Each line of the data must be written out again verbatim; no image belongs in the copy.

- [DATA PROVIDED]:
==================================================

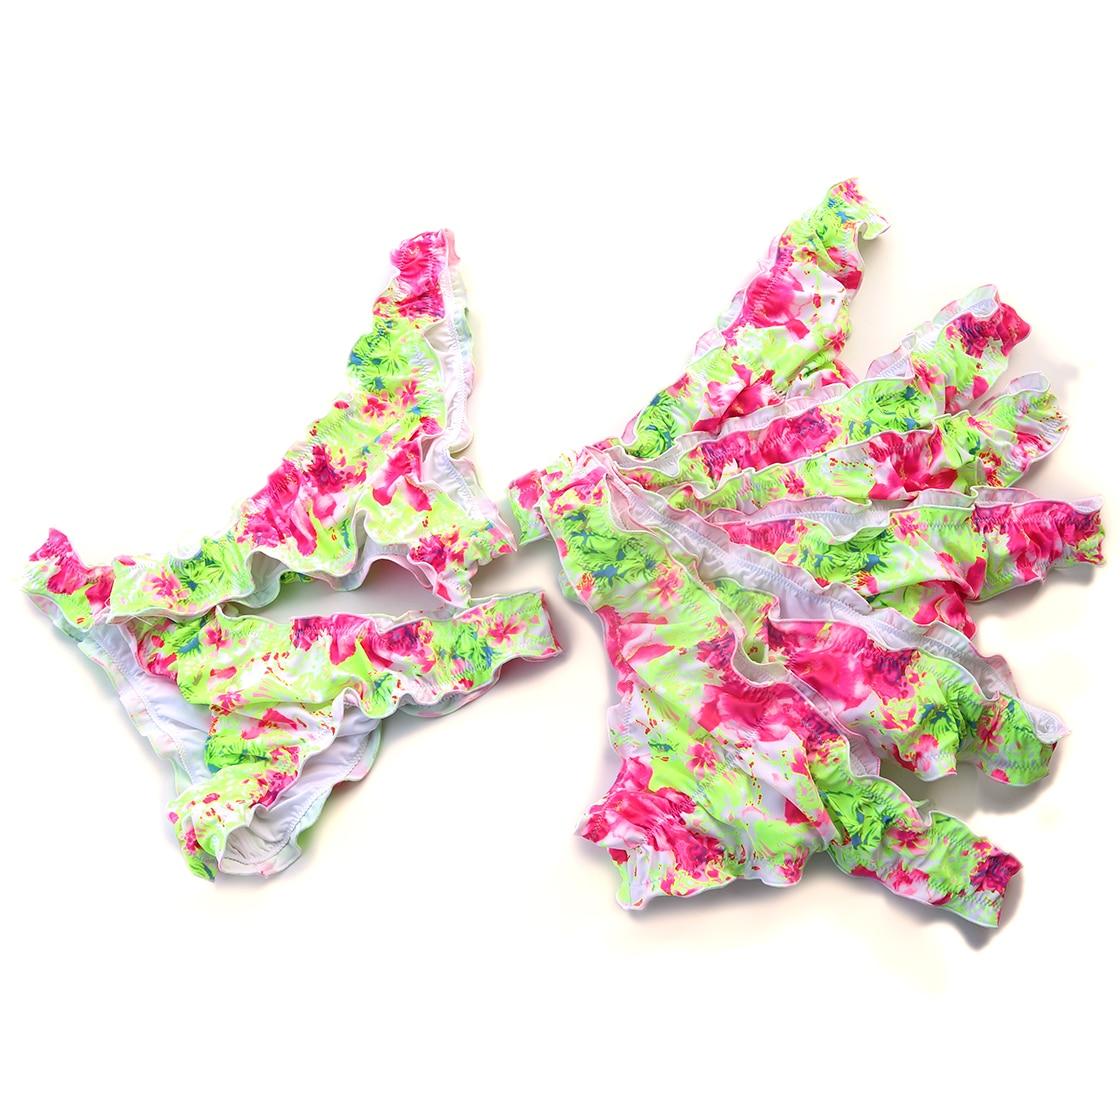 Bikini Bottoms Sexy Secret Cheeky Printing yellow Swimwear Biquini  Bikinis Swim Suit Women Brazilian Bikini Thong Bottom
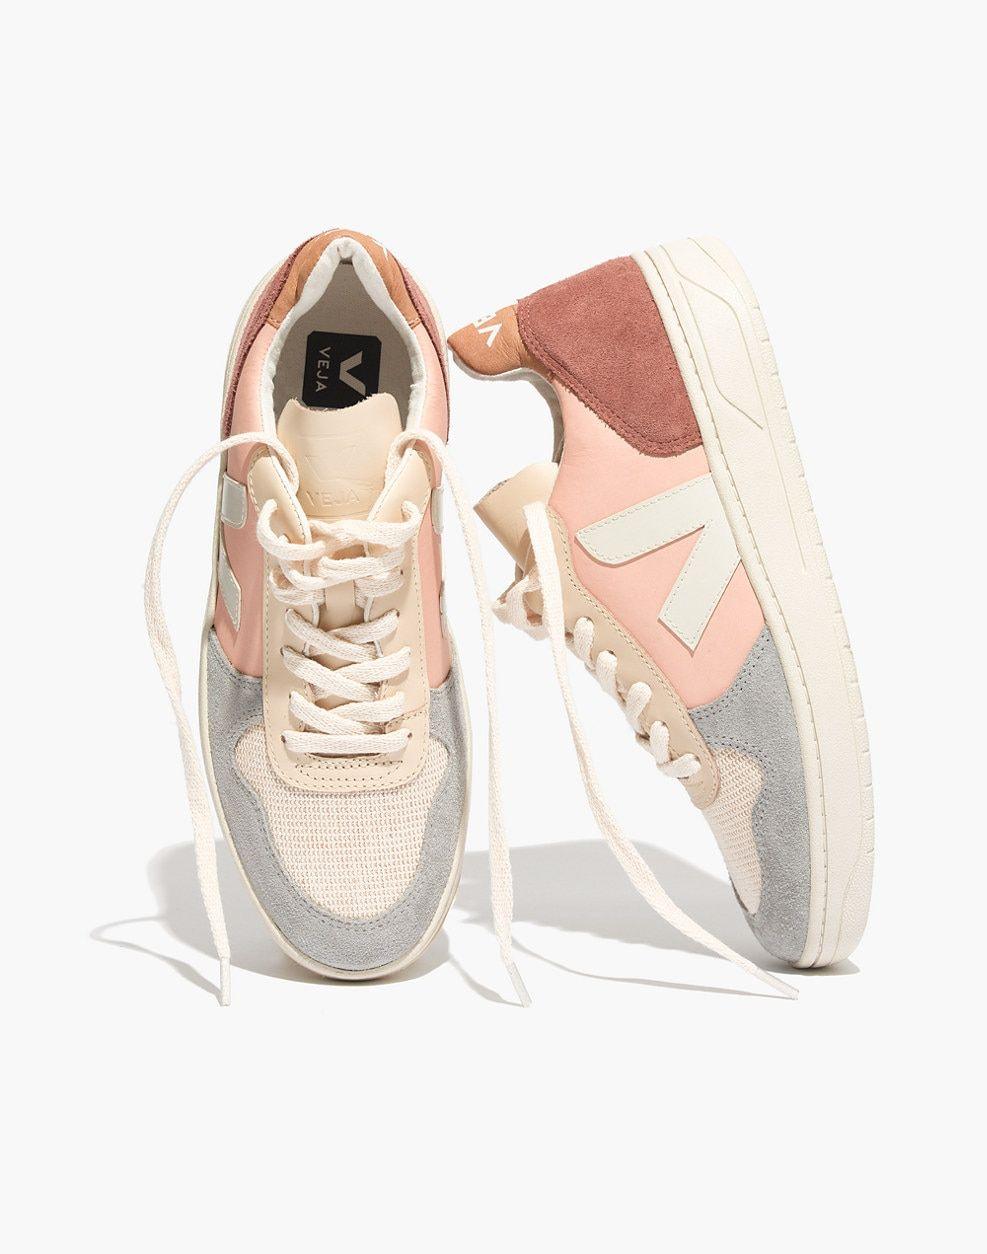 a8e183f81573c Veja™ V-10 Sneakers in Colorblock   sneakers
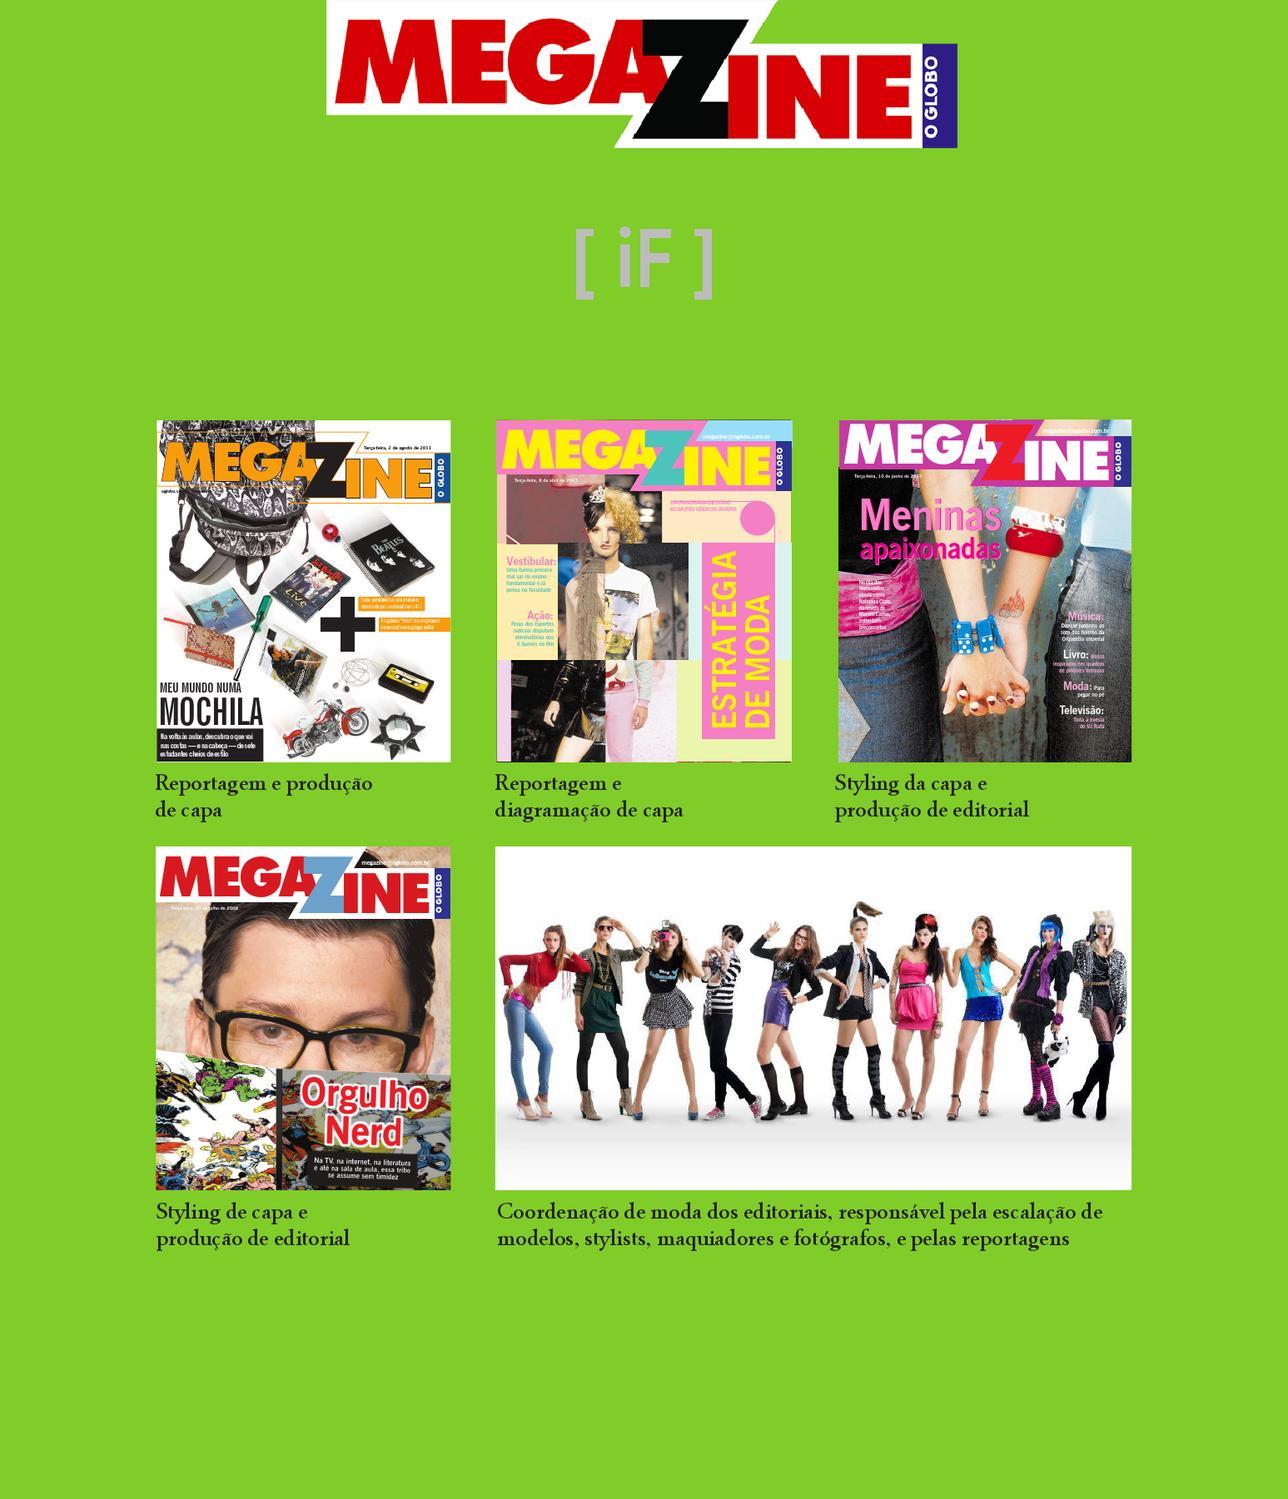 d2d88379b85 Revista MEGAZINE by IGOR FIDALGO - issuu

==================================================

- [YOUR RESPONSE]:
 Bikini Bottoms Sexy Secret Cheeky Printing yellow Swimwear Biquini  Bikinis Swim Suit Women Brazilian Bikini Thong Bottom
 a8e183f81573c Veja™ V-10 Sneakers in Colorblock   sneakers
 d2d88379b85 Revista MEGAZINE by IGOR FIDALGO - issuu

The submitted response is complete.